Sunday 25 June 2017

Law Rides the Range by Walt Coburn (1935)


A pretty run of the mill novel, but with some nice twists and turns and a couple of interesting characters.

Law Rides the Range is the story of Joe Morgan, the man who grew up with a reputation for being the son of an outlaw; his father, Wade, killed the town boss, Shotgun Riley and went off to join the Hole in the Wall Gang, the Wild Bunch.
As a child, Joe shot Riley's comrade, Bull Mitchell the saloon owner, but as he grows up he's taught not to become an outlaw like his father, but to become a lawyer instead. A lawman, anyway.

Now he's decided to bring Mitchell and the Clantons to justice, and finds himself in a love triangle between his childhood friend Amy Steele, and the new girl in town, Kit Kavanaugh.
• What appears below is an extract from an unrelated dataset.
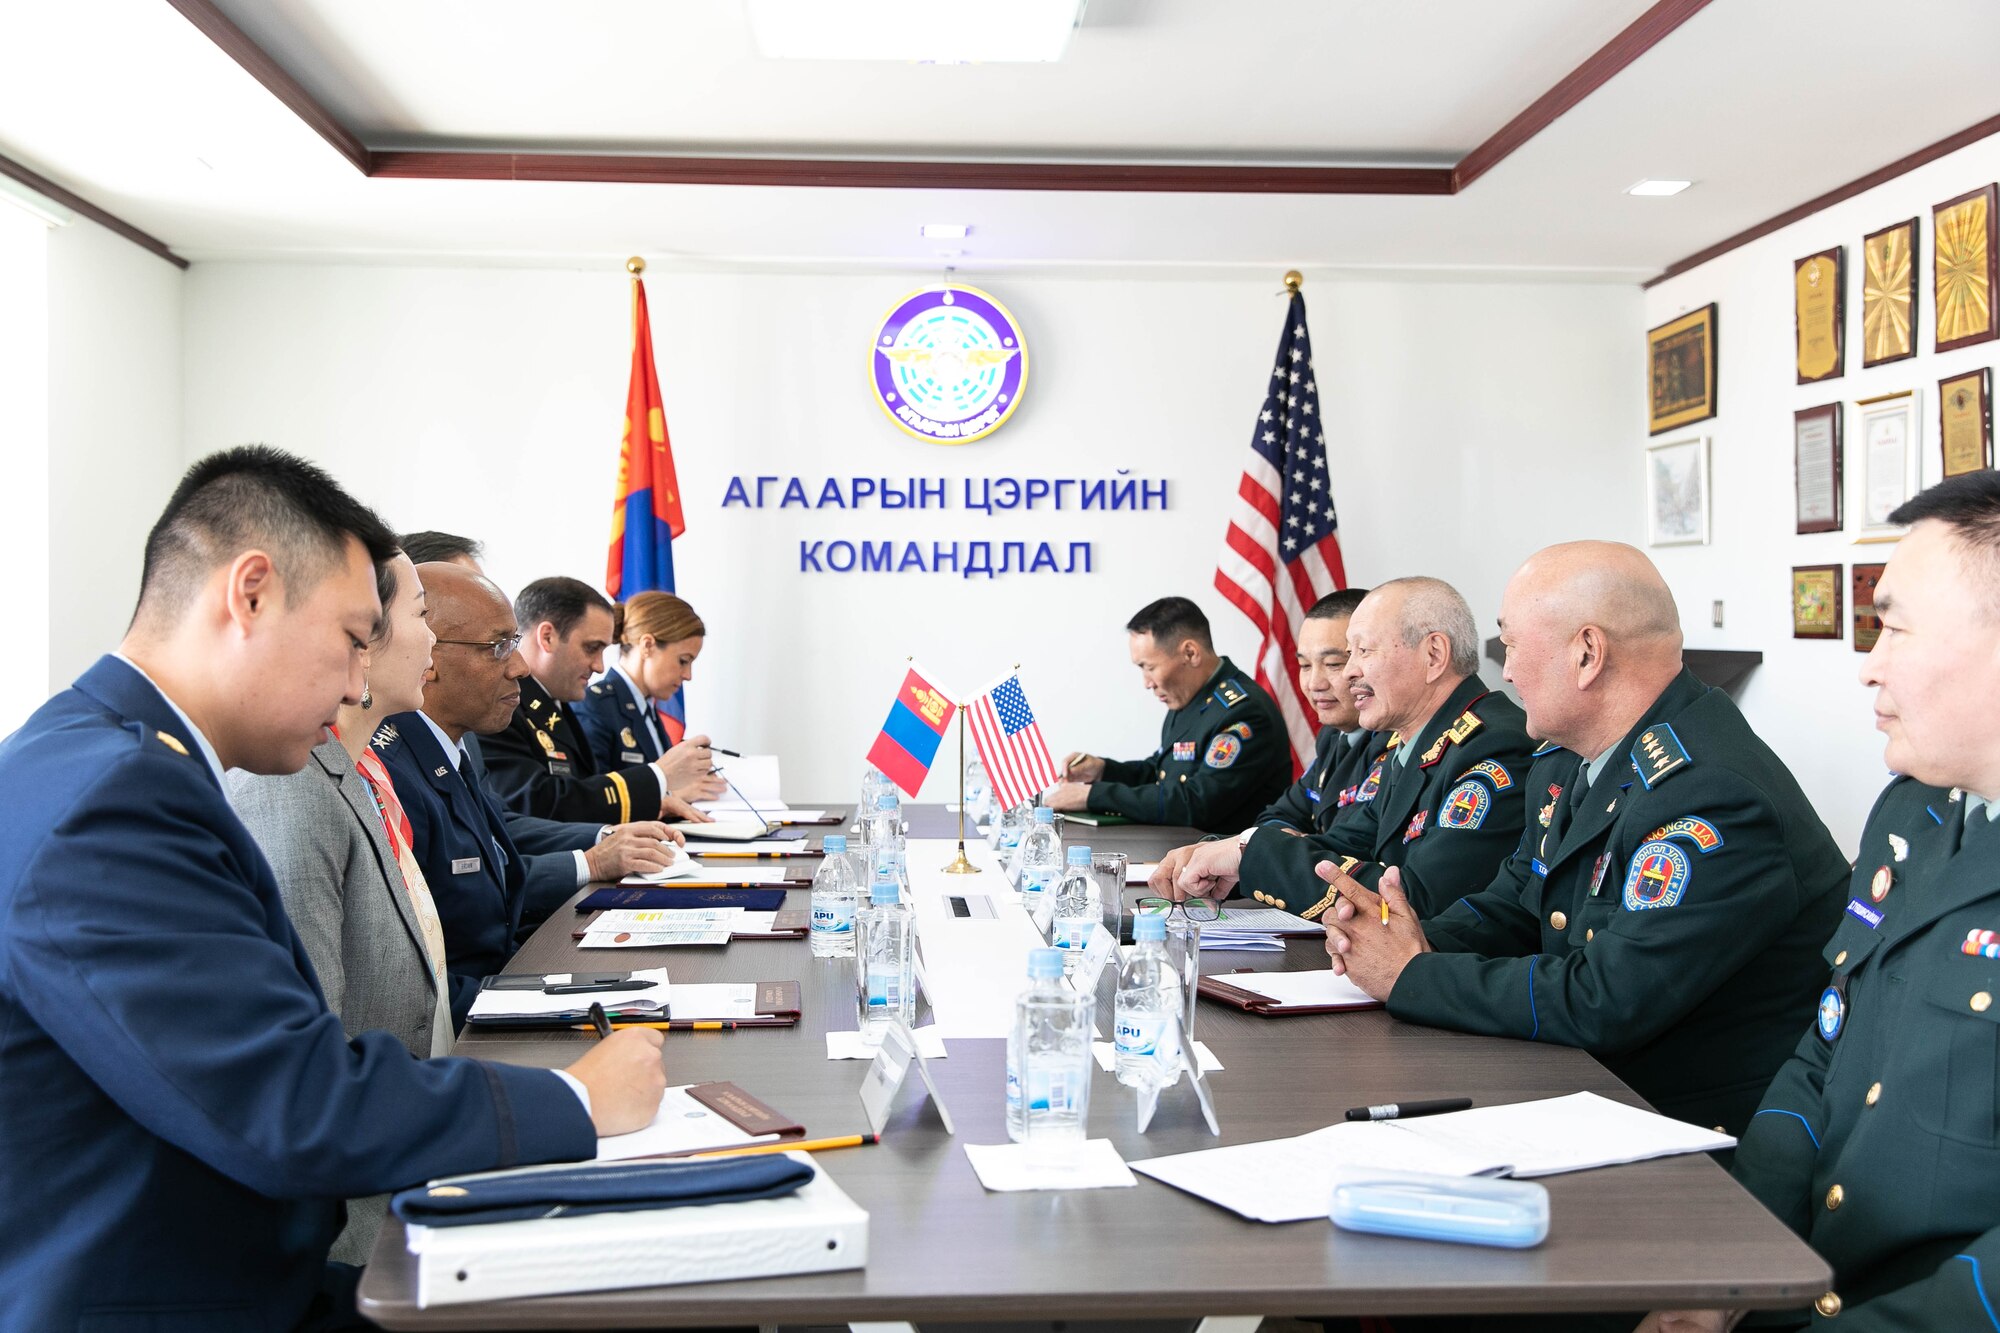 Brig. Gen. Enkhbayar Ochir, commander of Mongolian Air Force Command (MAFC), welcomes Gen. CQ Brown Jr., Pacific Air Forces commander, and his staff at the MAFC headquarters in Ulaanbaatar, Mongolia, May 14. In addition to evaluating the recent success of the Airman-to-Airman Talks in Hawaii in March, discussions during the visit included opportunities to enhance training, exercises and subject matter expert exchanges. (photo courtesy US Embassy)

I was pleasantly surprised by Kit because she defied all my expectations of what I've seen from female characters like her in Hollywood Westerns. She's much too complicated to be a "bad girl", which she would have been in any other story. Not only did she have the conscience to go out and rescue her romantic rival Amy from the Clanton brothers, she also manages to avoid getting captured herself, even chasing them out with a few threats.
I thought she was going to get killed so she can be out of the way for Joe and Amy to get married. No way. She personally encourages them to marry, and goes off and marries Pete Smyth instead.
At times she was the hero of the story, not Joe.
Sure, she's told not to fight by Wade Morgan during his final standoff, but other than that, she's a badass all the same.

Coburn gives a very good sense of time, place and even community, allowing us to get to know some of the townspeople of Pay Dirt.

The story isn't all that memorable and the characters are mostly archetypes. I'm getting shades of Morgan Park from Silver Canyon reflected in Bull Mitchell. They both even get in fistfights with the respective heroes.
We know that Amy Steele is the civilized girl, the good one, that the hero is fated to marry. But at least unlike in Silver Canyon the hero knows the girl for a long time, as opposed to deciding to marry her at first sight and refusing to take no for an answer.

The action and suspense is good in this one. There's even one moment that really shocked me.

In the end, everything is set right and Joe and his father's partner Bob Burch hang up their guns, with amazing ease. Everything is tied up satisfactorily, even though lives have been lost in the process.

Law Rides the Range was an engaging read that I got through quickly.

Not much to say about it, but Kit was really cool.